Not all extracurricular activities are equal- some are expensive and require a great deal of admin (looking at you surf lifesaving club 🙄), some are much easier on parents. I have found cubs to be really good value in this respect.

Do nothing for primary school that is not 100% necessary. It's 2024, but as far as primary schools are concerned it might as well be 1954, with you at home full time in your pinny with all the time in the world to bake bloody cakes. Do not pander to them.

crackofdoom · 04/06/2024 10:06

ArseInTheCoOpWindow · 04/06/2024 09:55

ADHD is usually genetic.

You say your husband is overwhelmed and doesn’t do much. Is he ADHD too?

The same could apply to OP, which is why she's finding it so hard.

Signed, an autistic lone parent who fucking rages at how difficult primary schools seem intent on making life for parents struggling with executive function 😡

SneezedToothOut · 04/06/2024 10:09

Which of you has a neurodivergence?

I feel for you. DH and I have demanding jobs - I’m away from home half the week. Me and teen DD have ADHD. DH likely ASD. We earn well but don’t have a cleaner, gardener etc. Our standards are pretty low, I’ll be honest.

Being an only, DD has always had lots of extra activities to support friendships and occupy her busy brain. I’m assuming yours are boys if their excess energy is physical. Could they take up skipping or something else they could do from home?

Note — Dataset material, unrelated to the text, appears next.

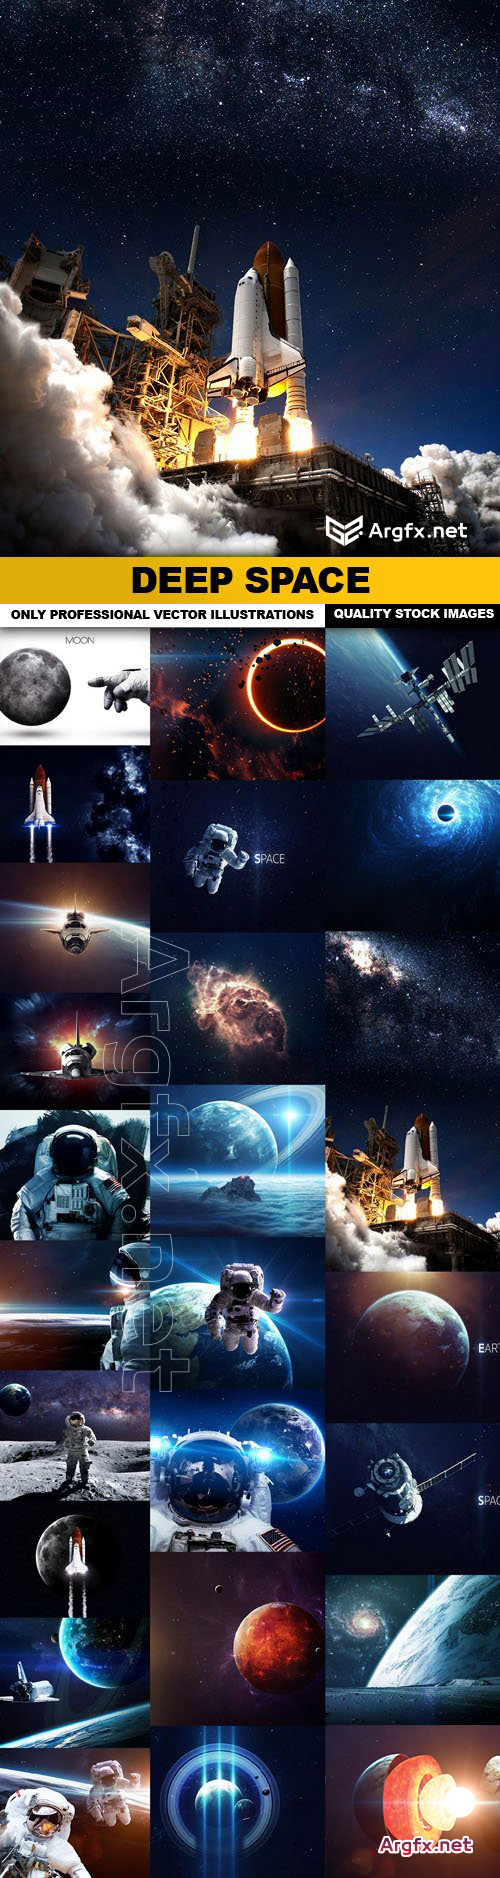  Deep Space - 25 HQ Images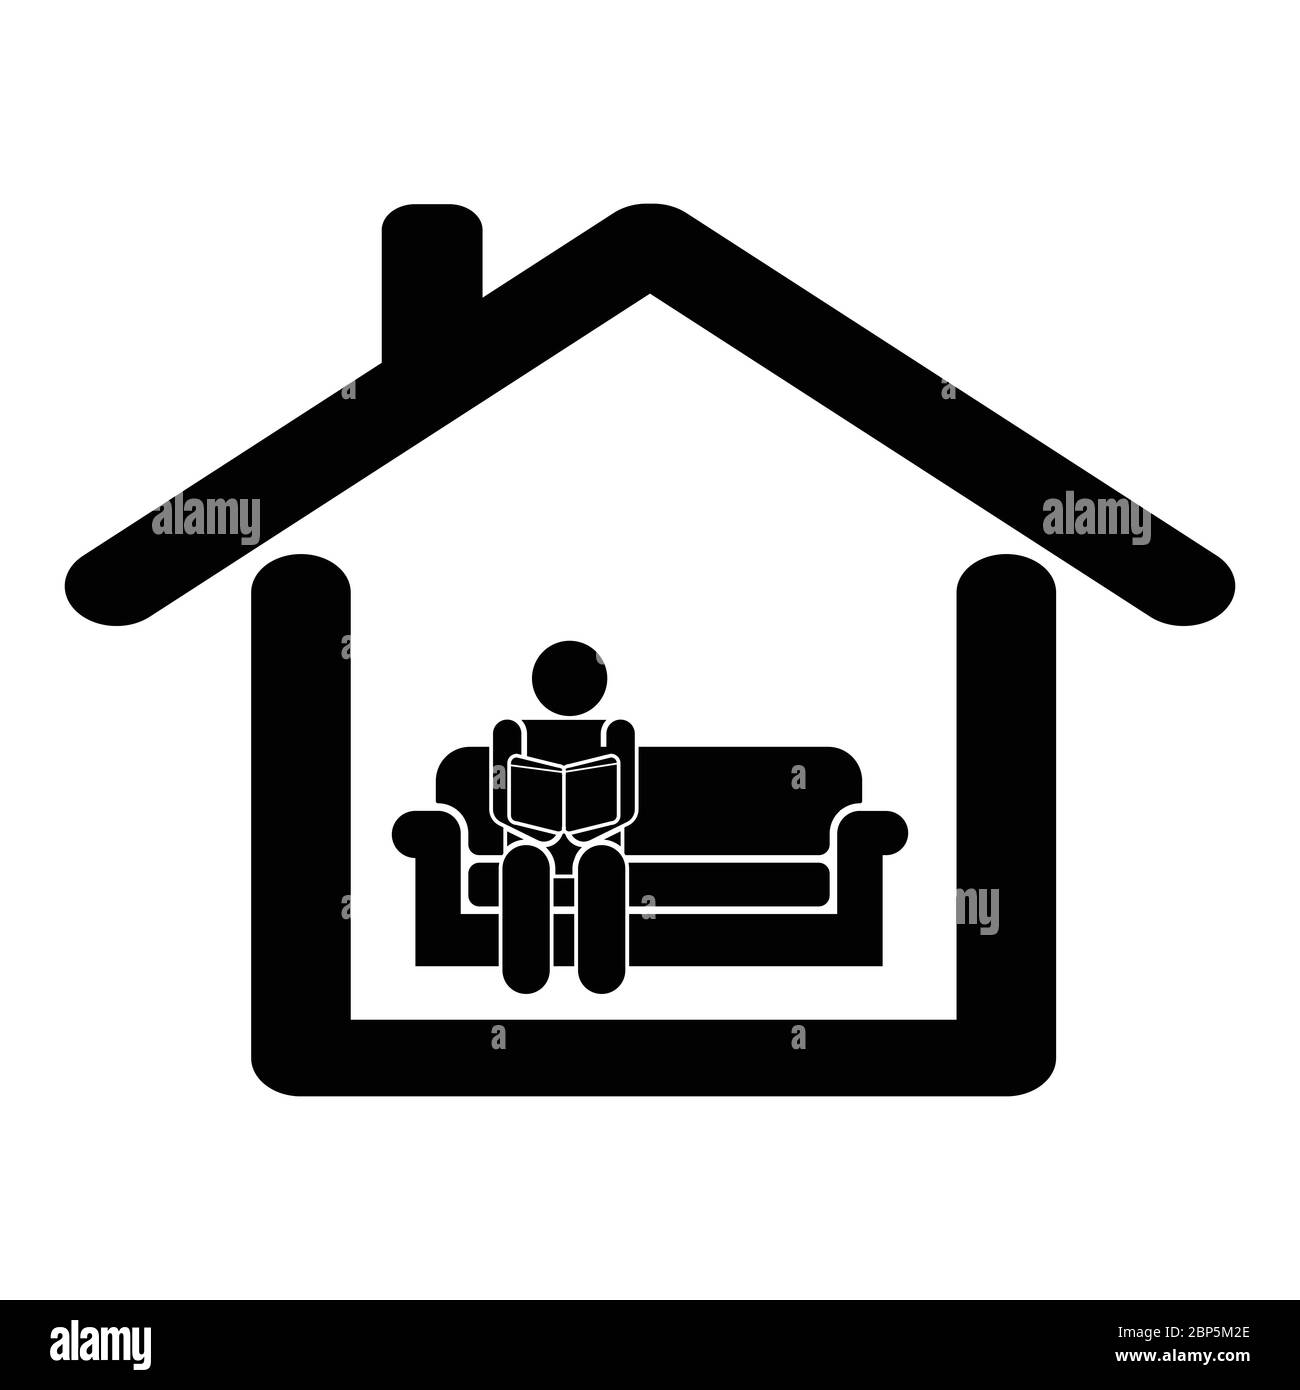 Read at Home Quarantine. Pictogram depicting man sitting on sofa couch at home reading a book. Black and white EPS Vector Stock Vector

SneezedToothOut · 04/06/2024 10:13

There was a snippet on the radio this morning of Brene Brown. She was saying that people think marriage is meant to be 50/50, but it never is. She and her husband tell each other once a day what they can bring to the table. If her husband says 40, because of something that’s going on she will assess whether she can give the extra 10 needed to bring them back to 100. If they notice a pattern, or they can’t make the balance up to 100 they go through all the “to do” lists and work out what can be ignored or deferred. Wellbeing should never be one of those things.

I’m wondering whether this might be a way of framing it with your partner.

Ozanj · 04/06/2024 10:27

ArseInTheCoOpWindow · 04/06/2024 09:55

ADHD is usually genetic.

You say your husband is overwhelmed and doesn’t do much. Is he ADHD too?

I have ADHD. Severe. It doesn’t present in the same way for everyone. I thrive under stress and become less overwhelmed the more tasks I have to juggle. But I do need digital organisational methods.